Node Removal After Changing Cloud Provider to vSphere in an Existing RKE2 Cluster

This document (000021870) is provided subject to the disclaimer at the end of this document.

Environment

Applicable for all versions of:

RKE2
K3s

Situation

After updating the cloud provider configuration in an existing RKE2 cluster from the default (no explicit cloud provider) to vsphere, some nodes became unavailable in the Rancher UI and appeared in the nodenotfound state.

The following log entries were recorded in the vSphere Cloud Provider Interface (CPI) logs:

E0514 06:31:06.975972   1 datacenter.go:128] Unable to find VM by UUID. VM UUID: rke2://<NODE_IDENTIFIER>
E0514 06:31:06.975992   1 search.go:181] Error while looking for vm=rke2://<NODE_IDENTIFIER>(byUUID) in vc=<VSPHERE_VCENTER> and datacenter=<VSPHERE_DATACENTER>: No VM found
I0514 06:31:06.976000   1 search.go:186] Did not find node rke2://<NODE_IDENTIFIER> in vc=<VSPHERE_VCENTER> and datacenter=<VSPHERE_DATACENTER>
I0514 06:31:06.983134   1 instances.go:177] instances.InstanceExistsByProviderID() NOT CACHED for node uid "rke2://<NODE_IDENTIFIER>"
I0514 06:31:06.983150   1 node_lifecycle_controller.go:164] deleting node since it is no longer present in cloud provider: <NODE_IDENTIFIER>
I0514 06:31:06.983268   1 event.go:389] "Event occurred" object="<NODE_IDENTIFIER>" fieldPath="" kind="Node" apiVersion="" type="Normal" reason="DeletingNode" message="Deleting node <NODE_IDENTIFIER> because it does not exist in the cloud provider"

These messages indicate that the vSphere CPI attempted to locate virtual machines based on the providerID format, and nodes with the rke2:// prefix could not be matched to any virtual machines in the vSphere environment.

Resolution

Changing the cloud provider on an existing RKE2 cluster is not supported. The cloud-provider parameter must be defined during the initial provisioning of the cluster and cannot be altered afterward without consequences.

When the cloud provider is changed to vsphere post-deployment:

The vSphere CPI only recognizes and manages nodes with a providerID that begins with vsphere://.
Nodes previously registered with providerID: rke2:// are not recognized by the vSphere CPI.
The Kubernetes Node Lifecycle Controller, informed by CPI, interprets these nodes as non-existent in the cloud infrastructure and proceeds to remove them from the cluster.

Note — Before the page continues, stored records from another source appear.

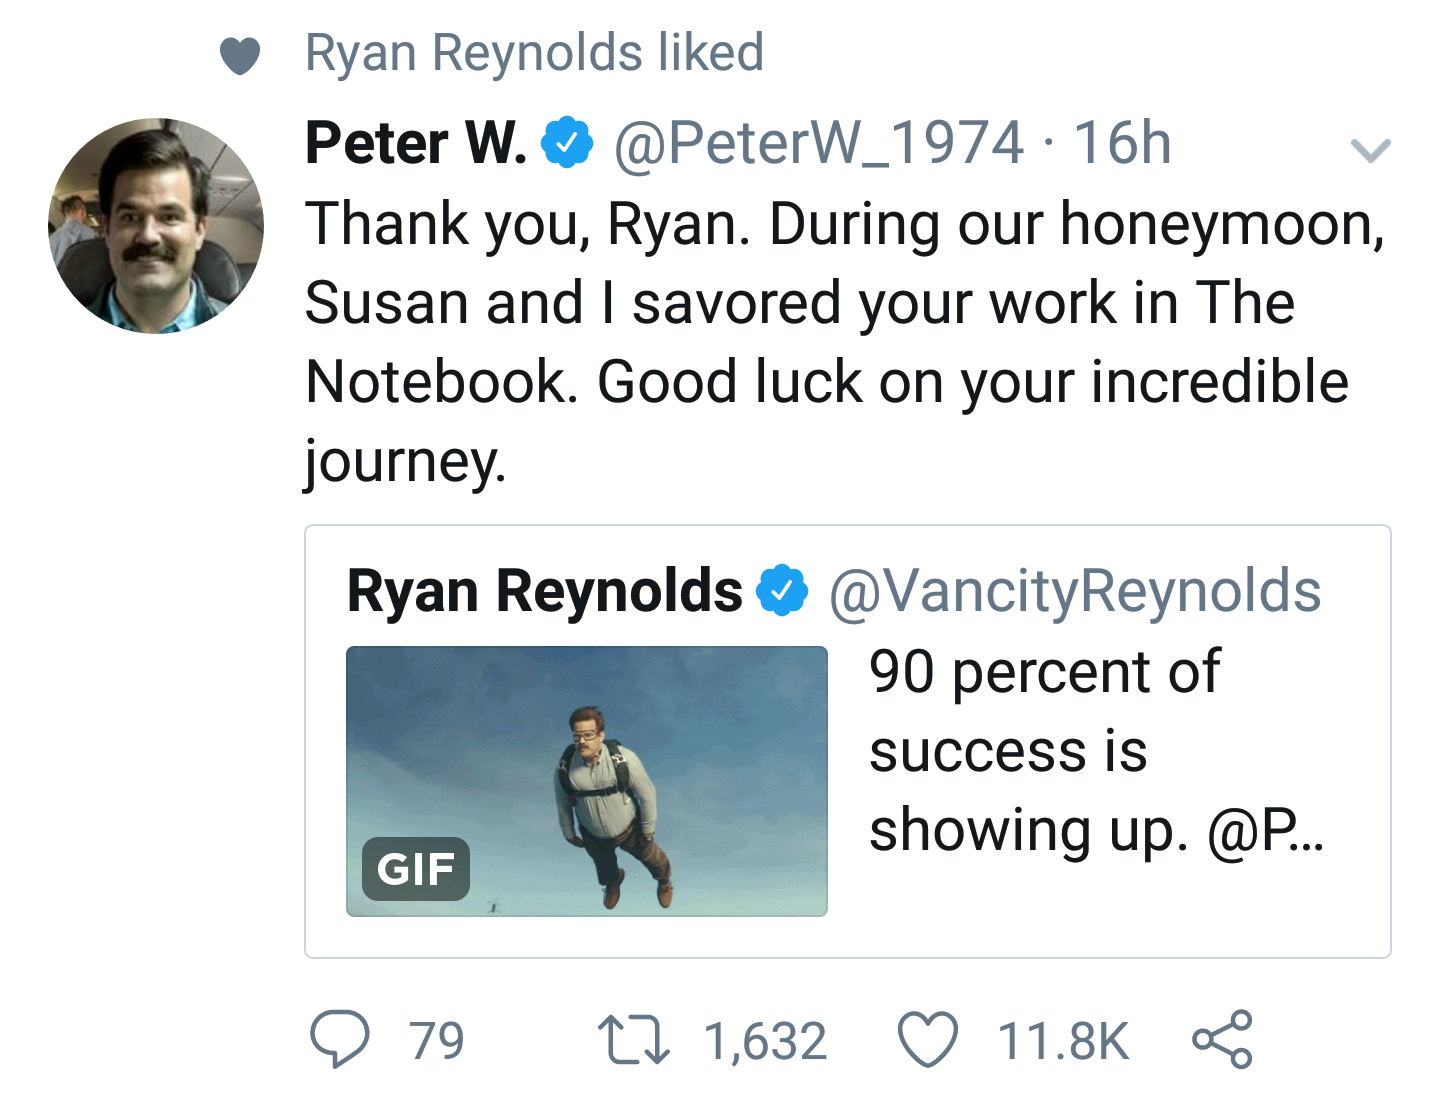 tweet - ryan reynolds twitter peter - Ryan Reynolds d Peter W. 16h v Thank you, Ryan. During our honeymoon, Susan and I savored your work in The Notebook. Good luck on your incredible journey. Ryan Reynolds 90 percent of success is showing up. ... Gif 9 7
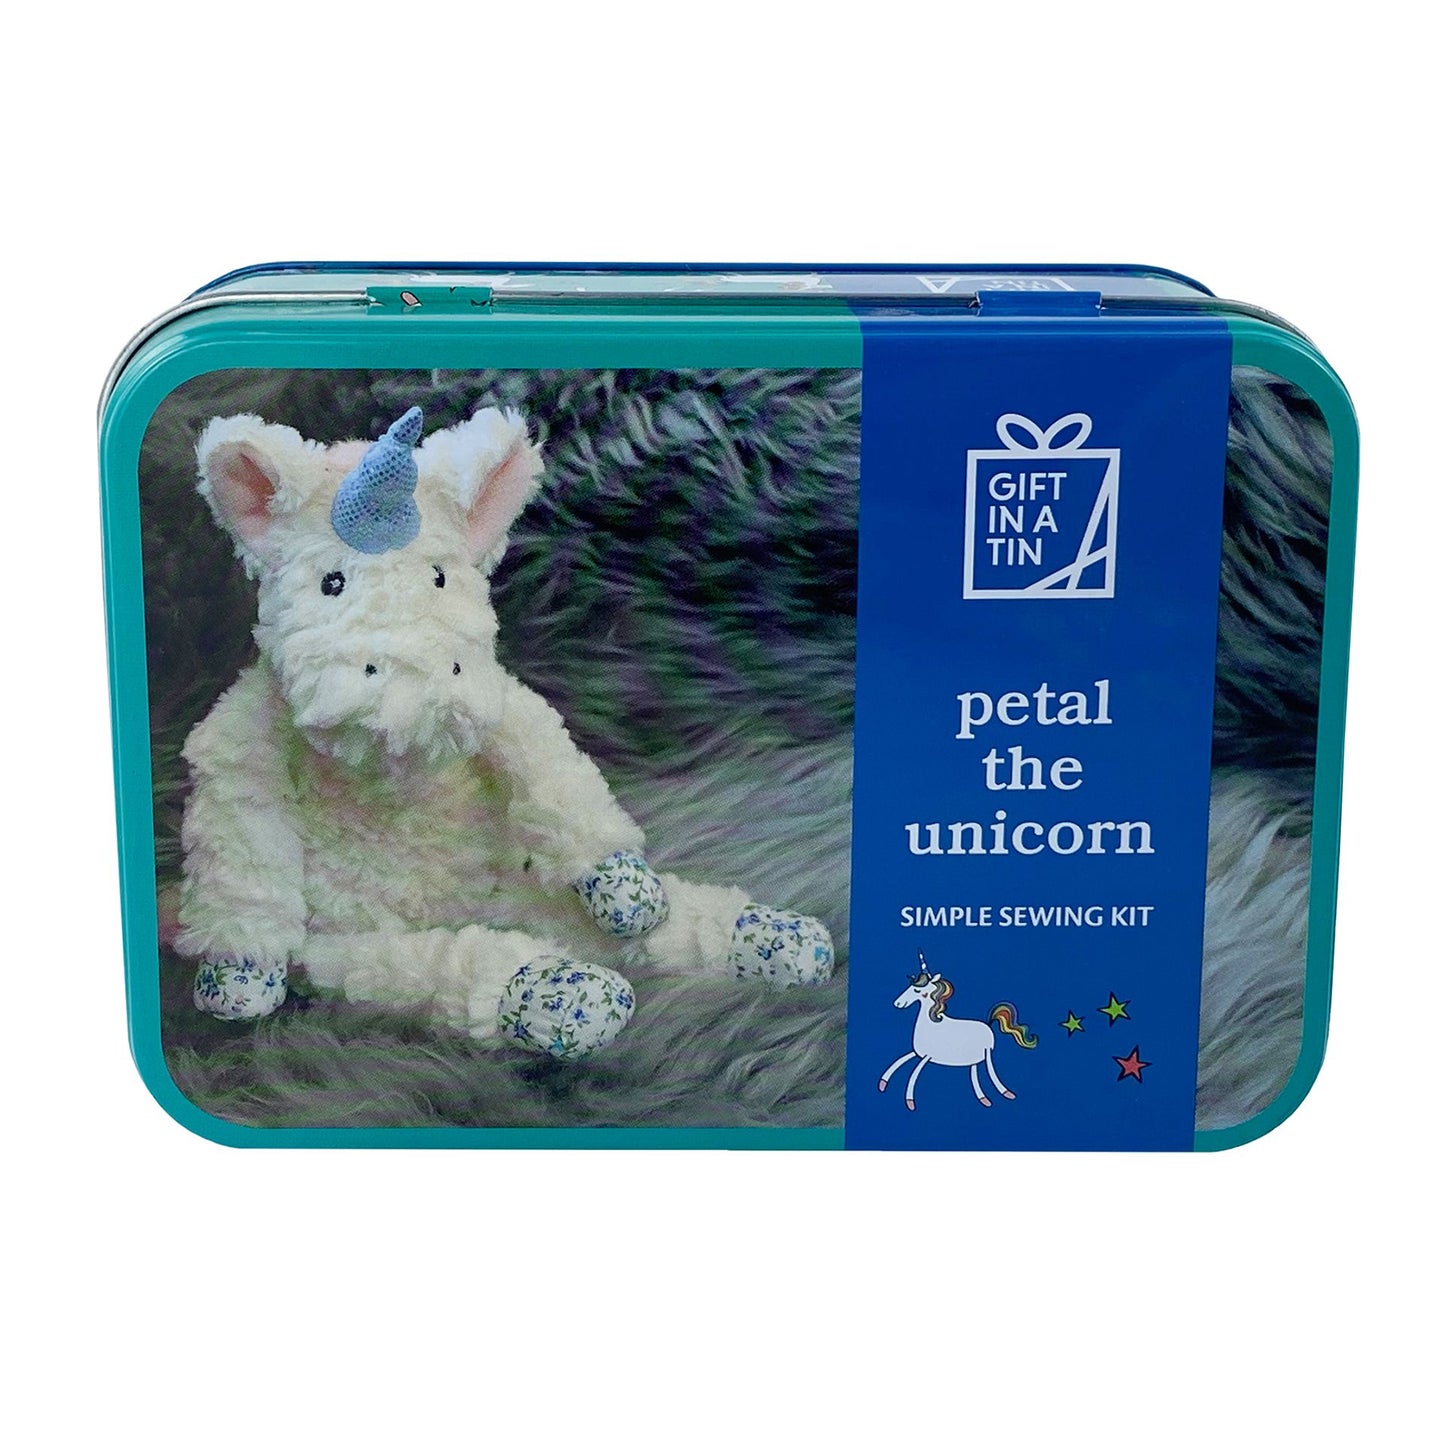 Apples To Pears Petal The Unicorn Kit Gift In A Tin
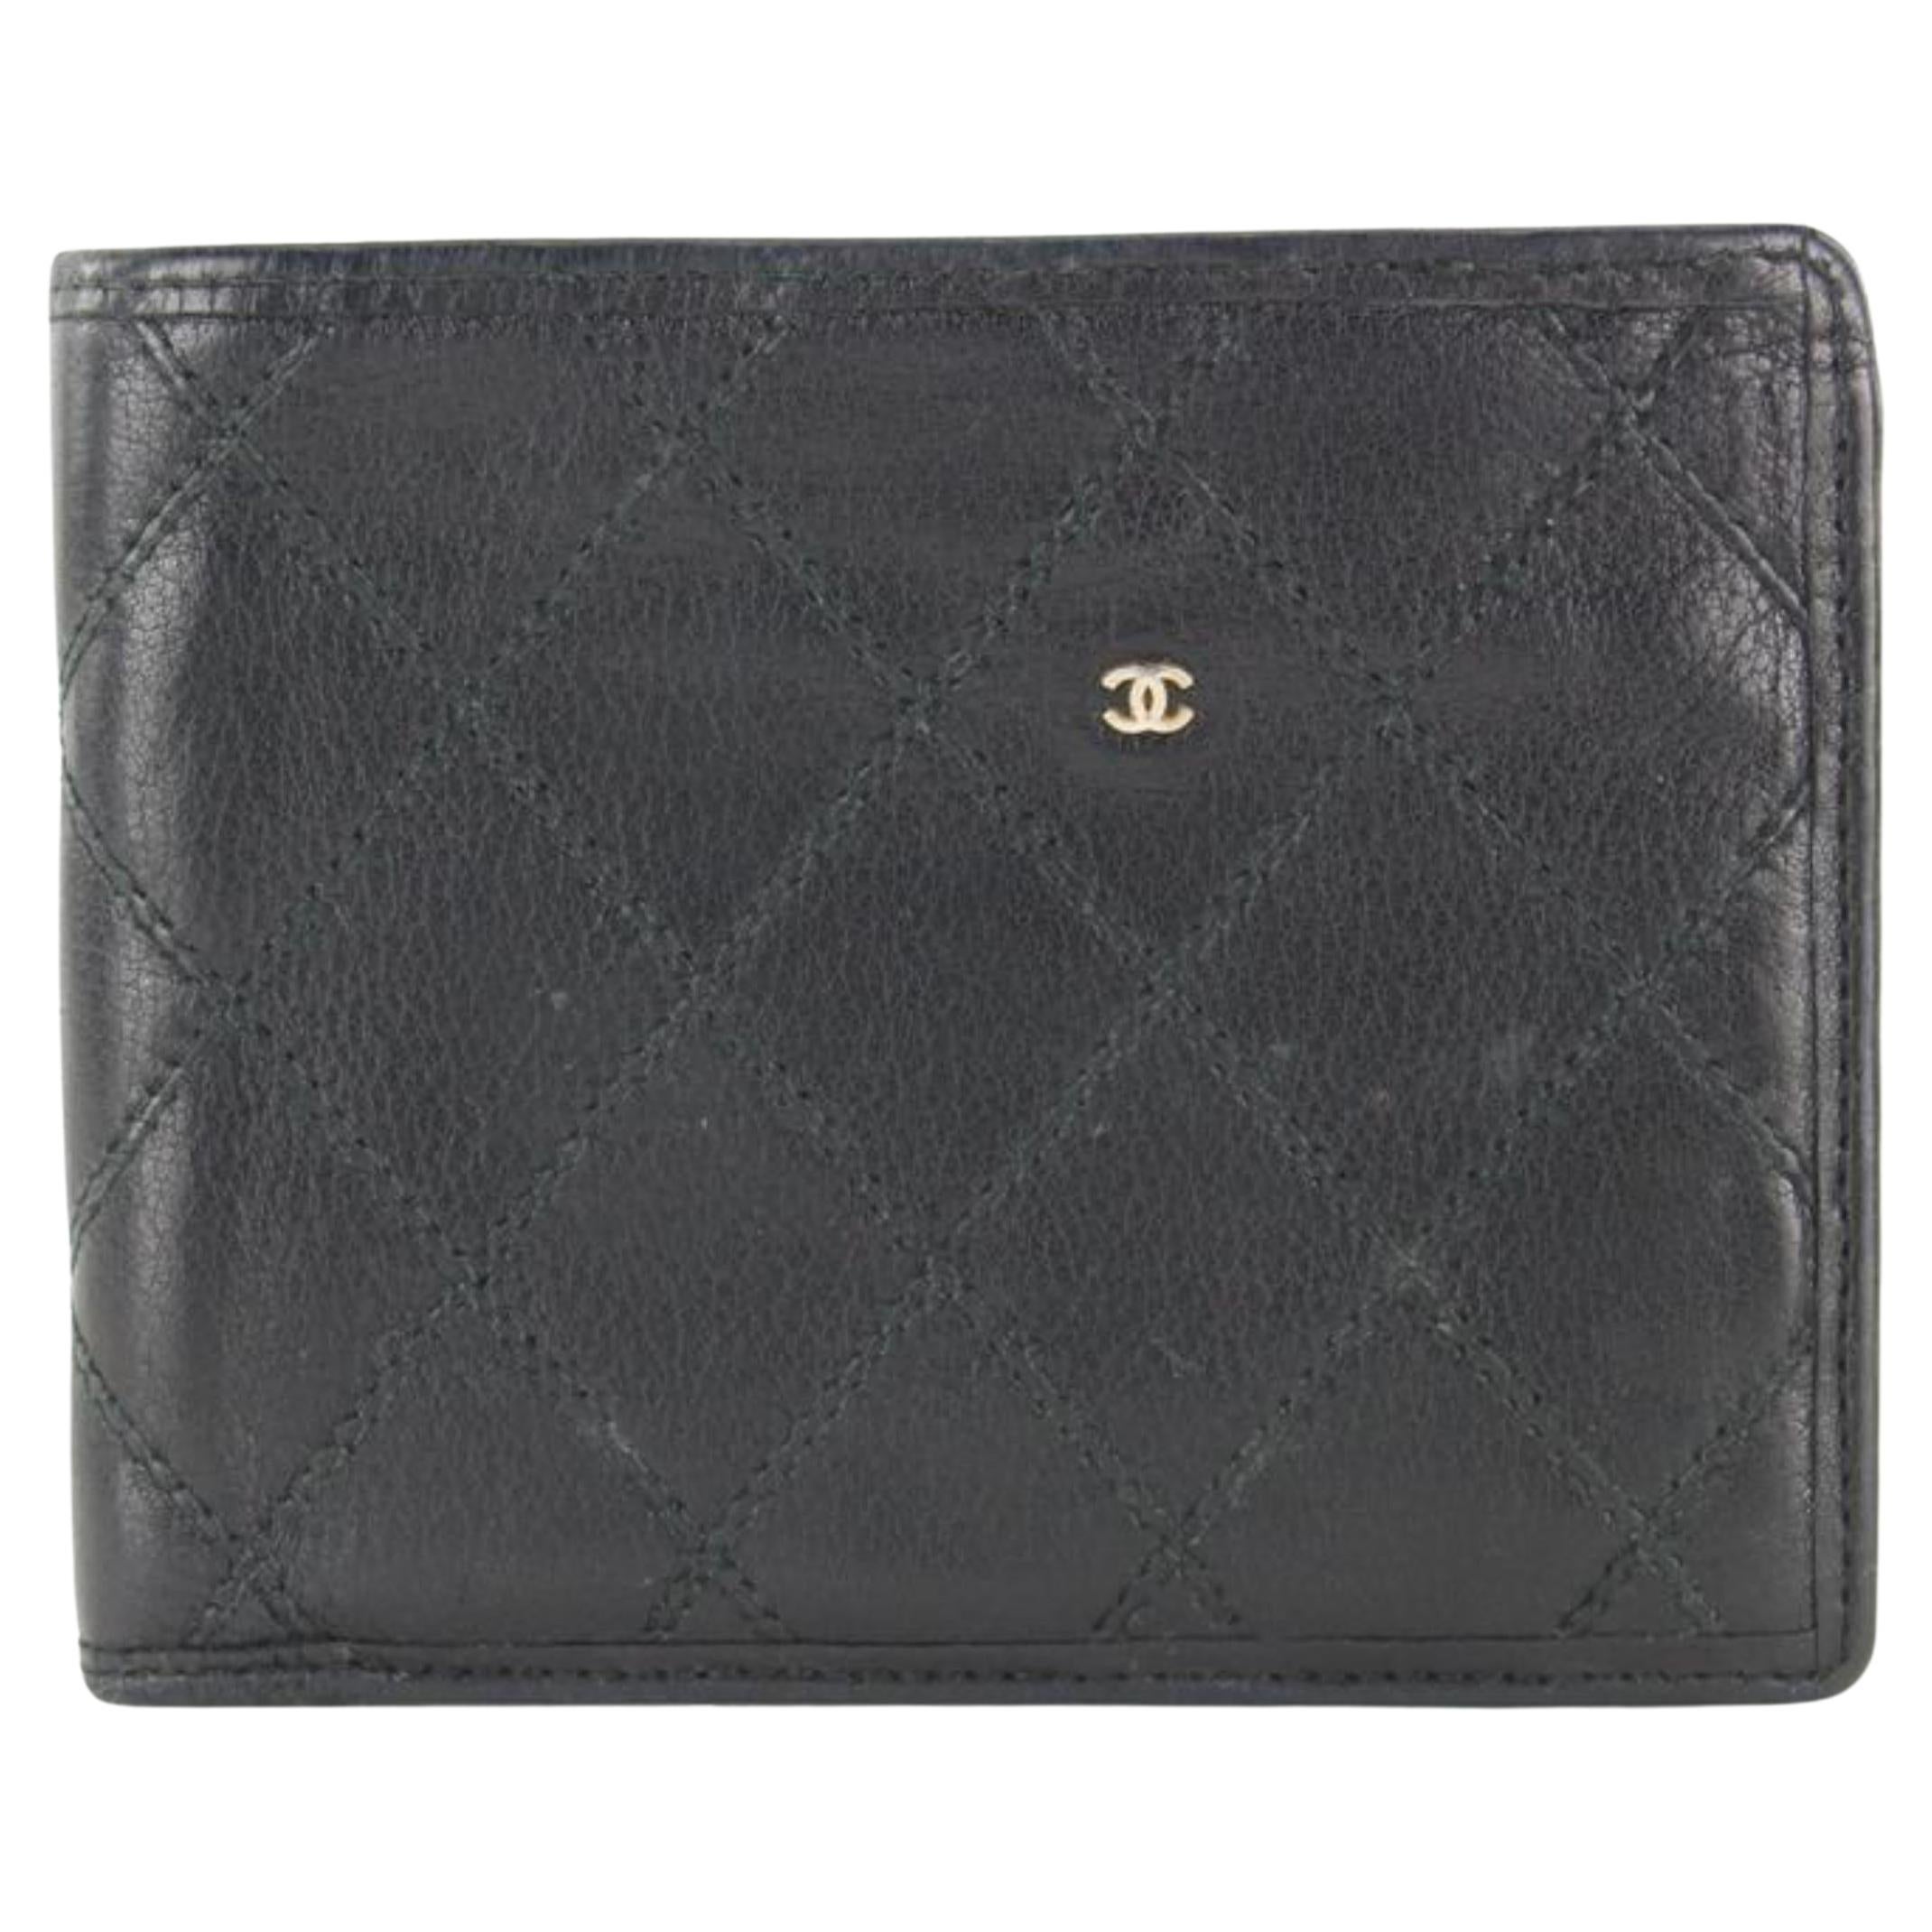 Chanel Classic Trifold Pink Flap Wallet Quilted Lambskin

To restore cluster health, affected nodes must be replaced with newly provisioned nodes that are configured with the correct cloud provider from the outset. These new nodes will be registered with the correct providerID format and managed successfully by the vSphere CPI.

Cause

The vSphere CPI expects nodes to be registered with a providerID in the format vsphere://. Nodes originally registered with the RKE2 default behavior (i.e., without a cloud provider) have a providerID format of rke2://. These identifiers do not match any VM in vSphere. As a result, the CPI reports them as non-existent, and the Kubernetes Node Lifecycle Controller initiates their deletion from the cluster.

Disclaimer

This Support Knowledgebase provides a valuable tool for SUSE customers and parties interested in our products and solutions to acquire information, ideas and learn from one another. Materials are provided for informational, personal or non-commercial use within your organization and are presented "AS IS" WITHOUT WARRANTY OF ANY KIND.